On 16 GB, headroom is tighter than on the 24 GB Radeon. If you OOM: (a) drop from Q5_K_S to Q4_K_M (13.1 GB) or Q4_K_S (12.1 GB); (b) confirm --lowvram is set so the text encoder is offloaded to CPU and only the diffusion weights stay resident; (c) switch the encoder to the lighter GGUF build via CLIPLoader (GGUF); and (d) if the VAE-decode stage spikes, use Tiled VAE Decode to cap decode-time VRAM.

Noise / garbage image output from the GGUF path on ROCm

There is a known open issue where the ComfyUI-GGUF node can produce noisy, corrupted output on AMD GPUs under ROCm while the same workflow renders correctly on CPU — reported on an RX 7900 XT with a low-bit (Q2_K) flux quant in city96/ComfyUI-GGUF issue #300 (open, no maintainer fix yet). If you hit this, first prefer a higher-bit quant (Q4_K_M / Q5_K_S rather than Q2/Q3 — which is the recommended default here anyway), keep ComfyUI and ComfyUI-GGUF up to date, and as a diagnostic confirm the workflow renders correctly with the node forced to CPU. Track the issue for a runtime fix.

VAE decode crashes or returns a black image (VAE on ROCm)

A ComfyUI user reports a VAE-decode crash on a 24 GB RX 7900 XTX — error "Memobj map does not have ptr" — in ComfyUI issue #11551 (open). That report is against Z-Image Turbo, a different model, not Qwen-Image, and in the thread's own test matrix the crash is triggered by ComfyUI's default attention backend and resolved by launching with --use-pytorch-cross-attention — the flag this recipe already uses — not by changing VAE precision. Do not add --bf16-vae on this card: it is not a confirmed fix for that crash and is contested on RDNA3. If you instead get a black image at the VAE step (a separate, precision-related symptom), force the VAE to FP32 or fall back to Tiled VAE Decode.

"Torch not compiled with CUDA enabled"

A CUDA build of PyTorch got installed instead of the ROCm build. Per the ComfyUI README troubleshooting note, uninstall and reinstall against the ROCm wheel index:

pip uninstall torch
pip install torch torchvision torchaudio --index-url https://download.pytorch.org/whl/rocm7.2

Confirm the build: python -c "import torch; print(torch.__version__)" should print a +rocm7.2-style suffix, and torch.cuda.is_available() returns True (ROCm masquerades as the cuda device namespace under HIP).

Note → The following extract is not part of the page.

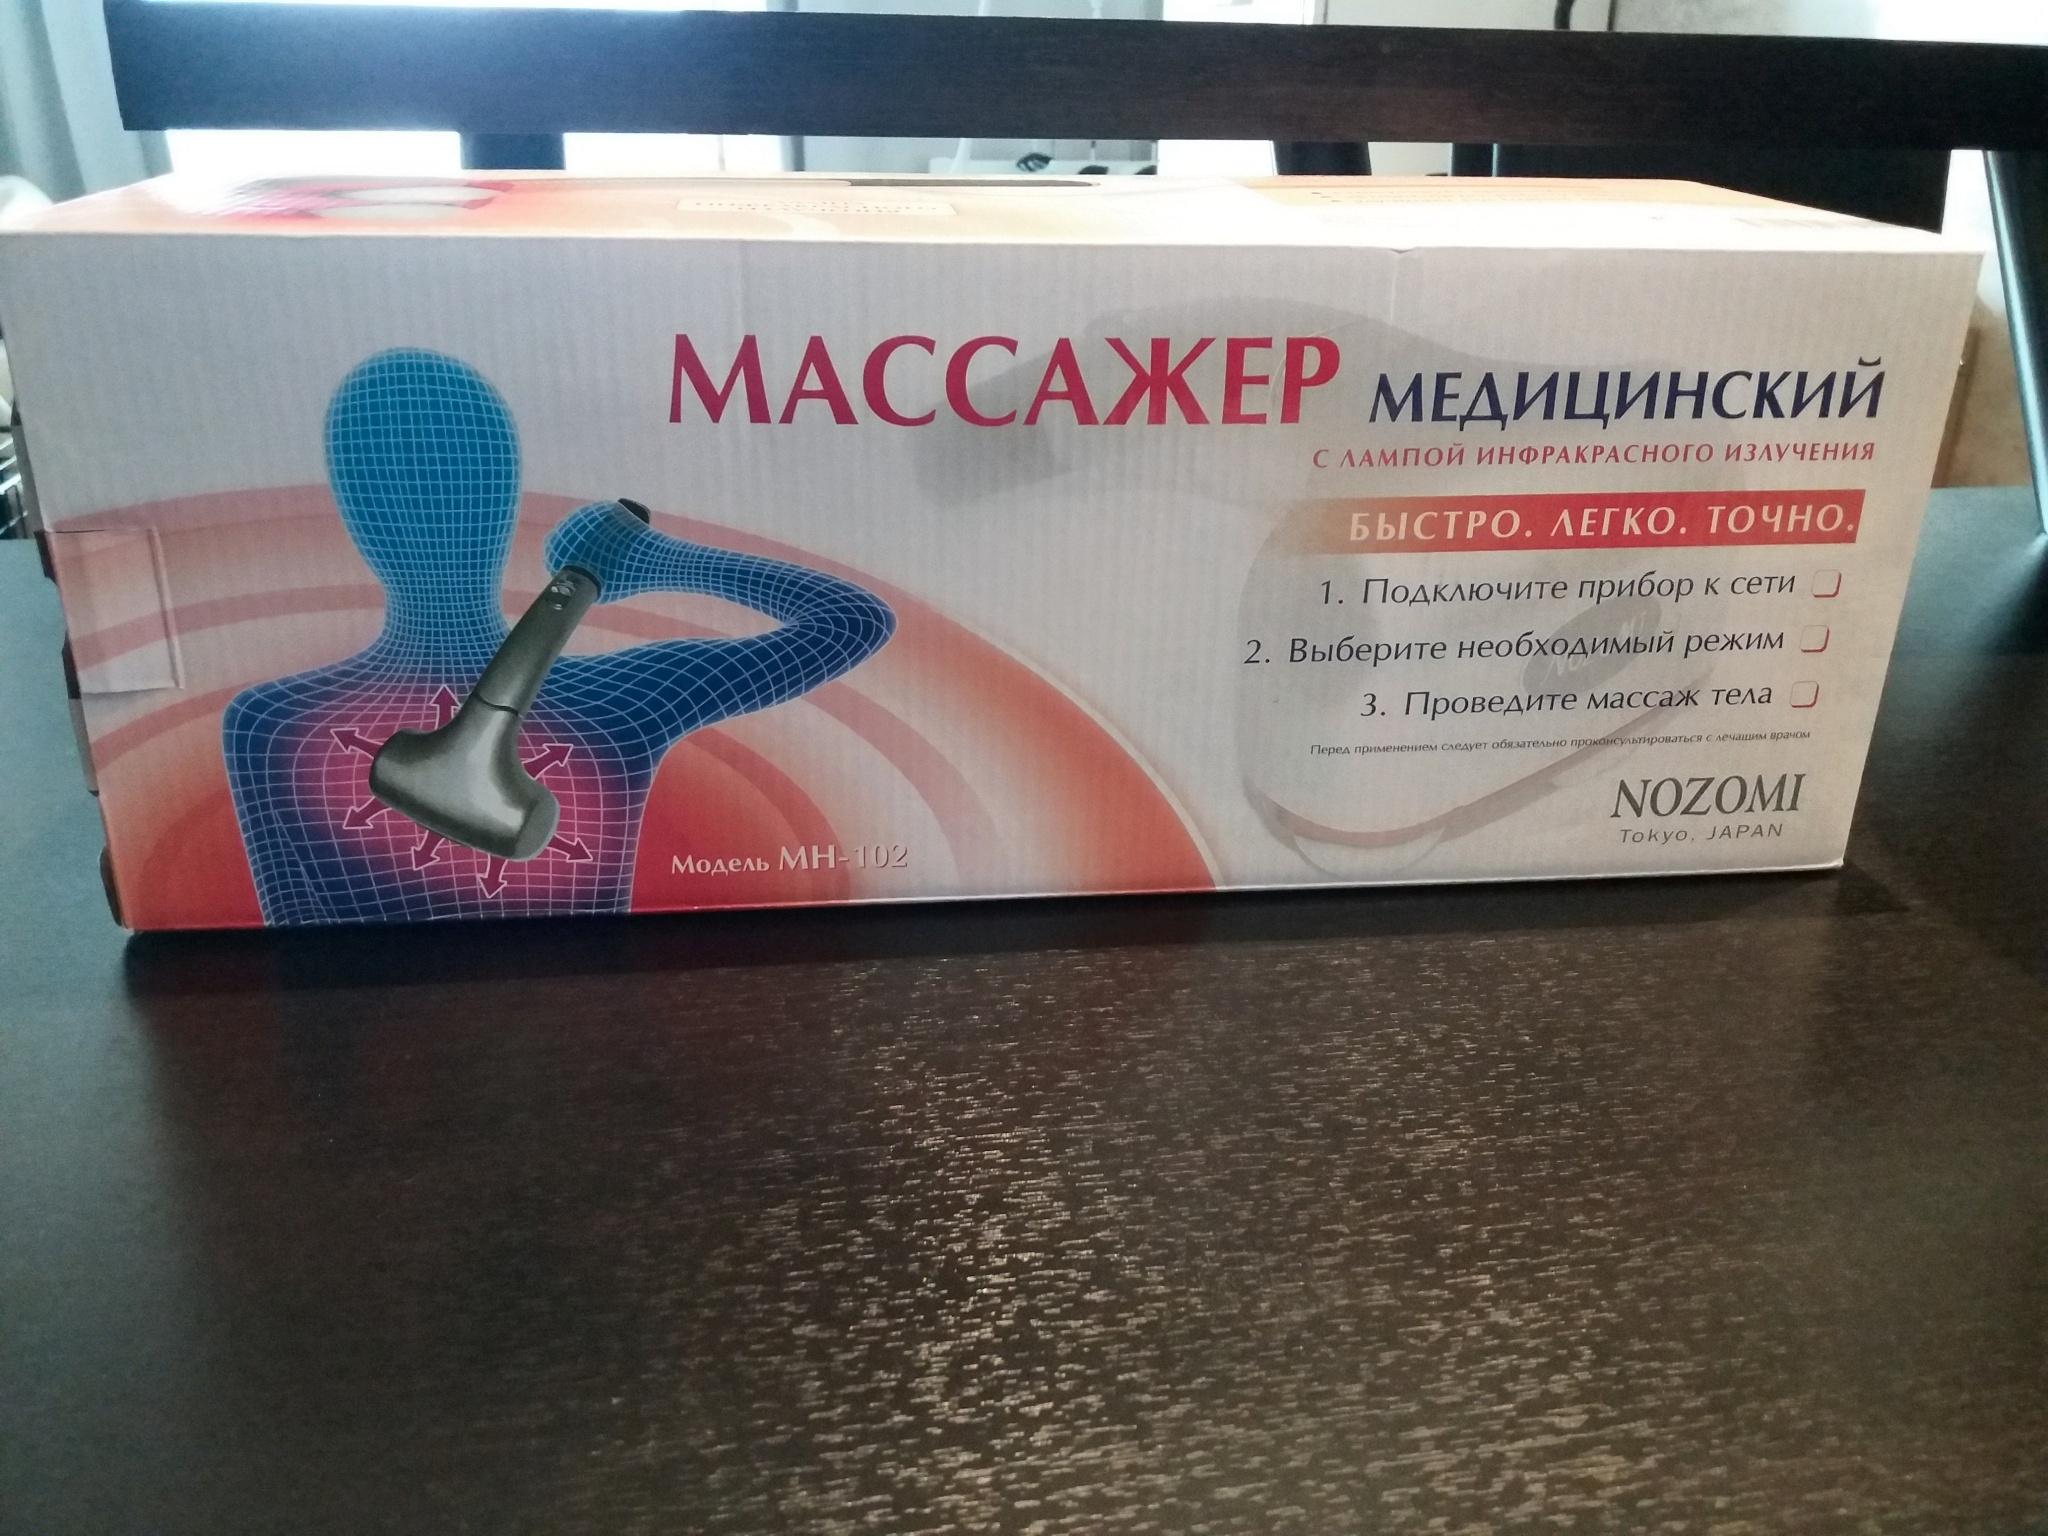 Ручной массажер инфракрасной лампой пленка для вакуумного упаковщика екатеринбург

Do not install xformers or FlashAttention

HF and ComfyUI guides written for NVIDIA frequently suggest pip install xformers or a FlashAttention wheel. On RDNA3 these are the wrong path: the ROCm xformers fork is limited, and ComfyUI already routes attention through PyTorch SDPA on this stack. Stick with the default, or force it explicitly with --use-pytorch-cross-attention.